By flea13153
Jun 7, 2012
  1. A 40TB file server in a RAID 5 configuration, lost two drives simultaneously. One drive is totally dead and the other drive goes in and out of being recognized by the server. We replaced the dead drive and the server started to rebuild over night, however, when we got in this morning the the other drive was showing errors and the rebuild process had slowed way down. When we previously had restarted the machine the drive seems to recover and work fine. My question is, if we restart the server during the rebuild, would the RAID start to rebuild from the beginning or pick up where it left off? Also, does anyone have any other recommendations beside letting it rebuild or restarting?

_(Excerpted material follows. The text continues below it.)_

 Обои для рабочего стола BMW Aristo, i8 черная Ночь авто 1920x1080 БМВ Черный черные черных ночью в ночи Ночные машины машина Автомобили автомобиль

    As long as the RAID is still rebuilding, leave it alone! The last thing you want to do is lose all that data, unless you have one hell of a backup, my advise is leave it alone to rebuild. If it's a production fileserver server, try to get users off of it for as long as possible, don't use it if you can at all help it, let it rebuild - which may not happen until the weekend.

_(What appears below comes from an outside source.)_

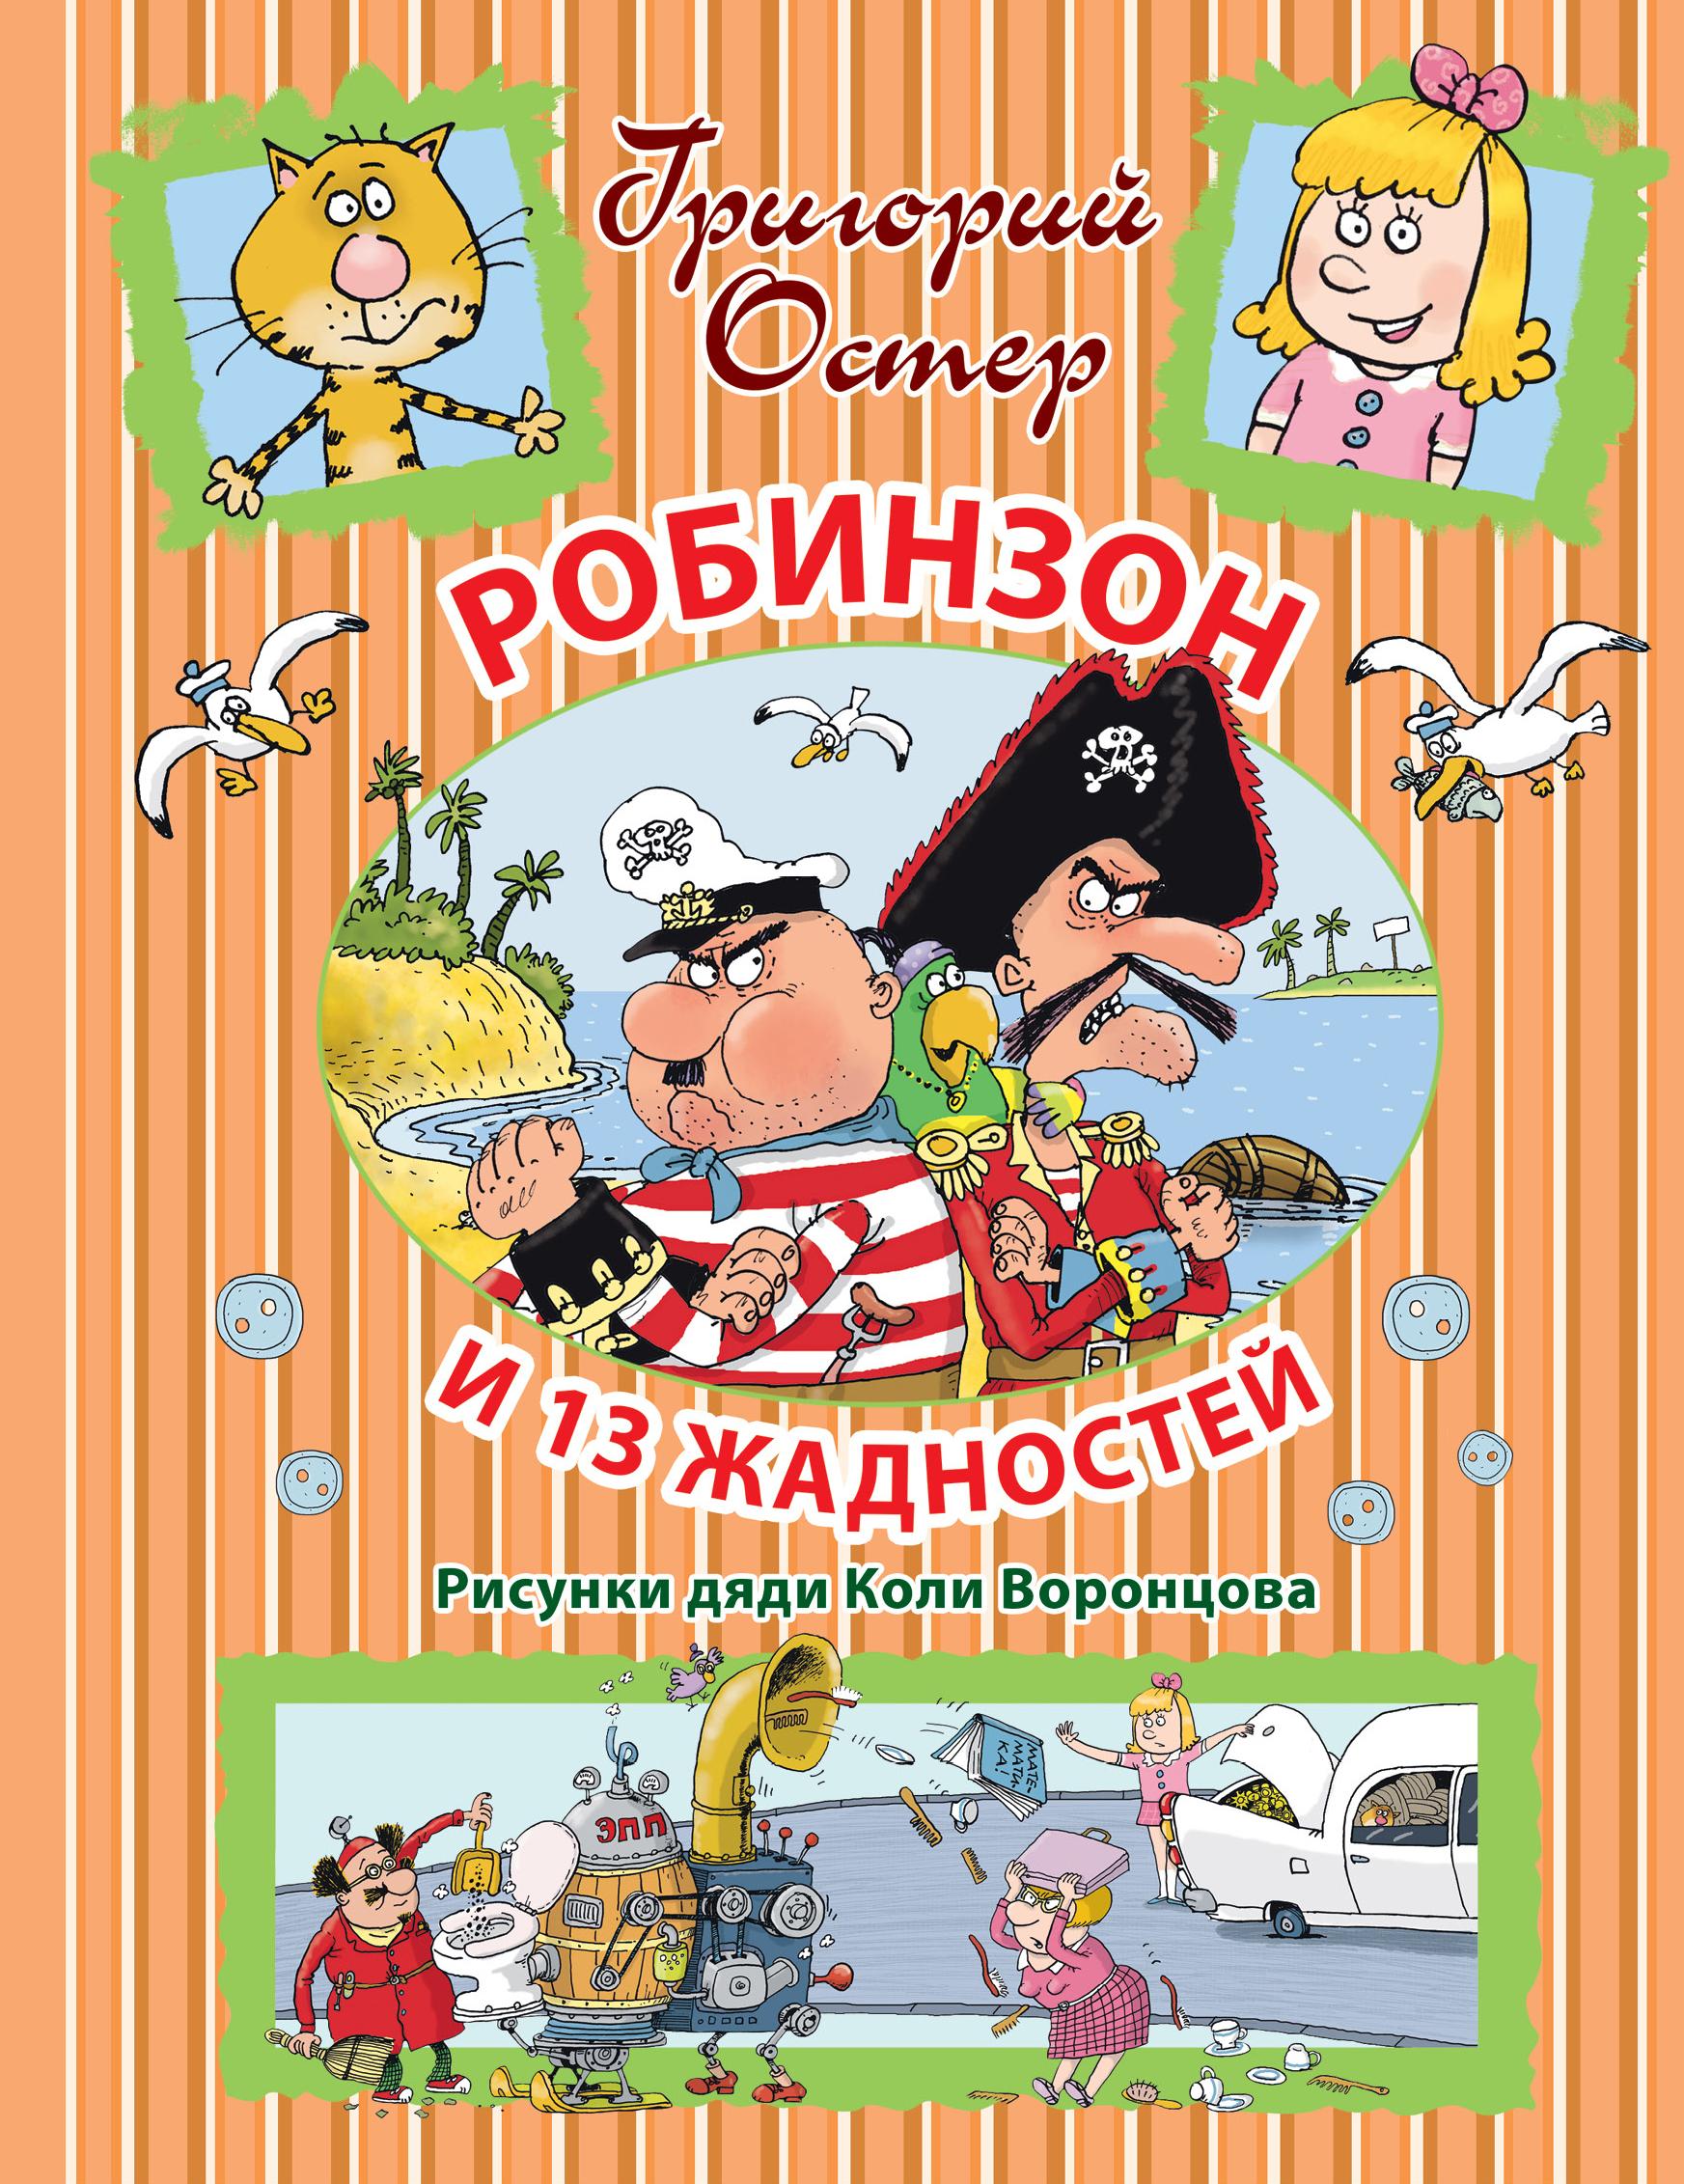 Остер Г.Б. Робинзон и 13 жадностей издательство аст робинзон и тринадцать жадностей

    Different RAID cards react differently to a reboot. Most will be just fine if you reboot, they will continue rebuilding - it's a separate process from the OS itself. Think of the RAID rebuild as an automobile with the engine running, but you could change the tire (rebooting windows) while it's running. Now I don't advise it, but it would be ok - it might just be painstakingly slow.
    Another thought, as large as that fileserver is, 40TB is HUGE! I'm surprised that it's not configured in a RAID 6 (two drives can fail) or a RAID 10 (striped mirror) - it would have made more sense to have the double parity of RAID 6, or the mirrored advantage of RAID 10. [I'm just putting in my two cents, no offense intended]
    Hope this helps, take care!
    That's what we banking on, just leaving it alone.

    We would have loved for the RAID to be in 6 or 10 however, we inherited the domain and, as of now, we don't have the ability to take the network's fs offline, transfer all the data off, rebuild the array, and transfer all the data back on. Along the lines of the inherited network, they had a terrible backup strategy in place, and the latest full backup we have is from December 2011. We're in the middle of redesigning the entire network infrastructure and if this happened in August, we wouldn't be in the bind we are in now.
    Wow... sound like you got put right smack in the middle of a hornets nest. I've been in those spots many times myself. Good luck! Yeah, leave it be & let it rebuild. If you don't mind, just out of curiosity, post back & let me know how the rebuild goes over the weekend. If you need further help, post back or msg me directly. Take care!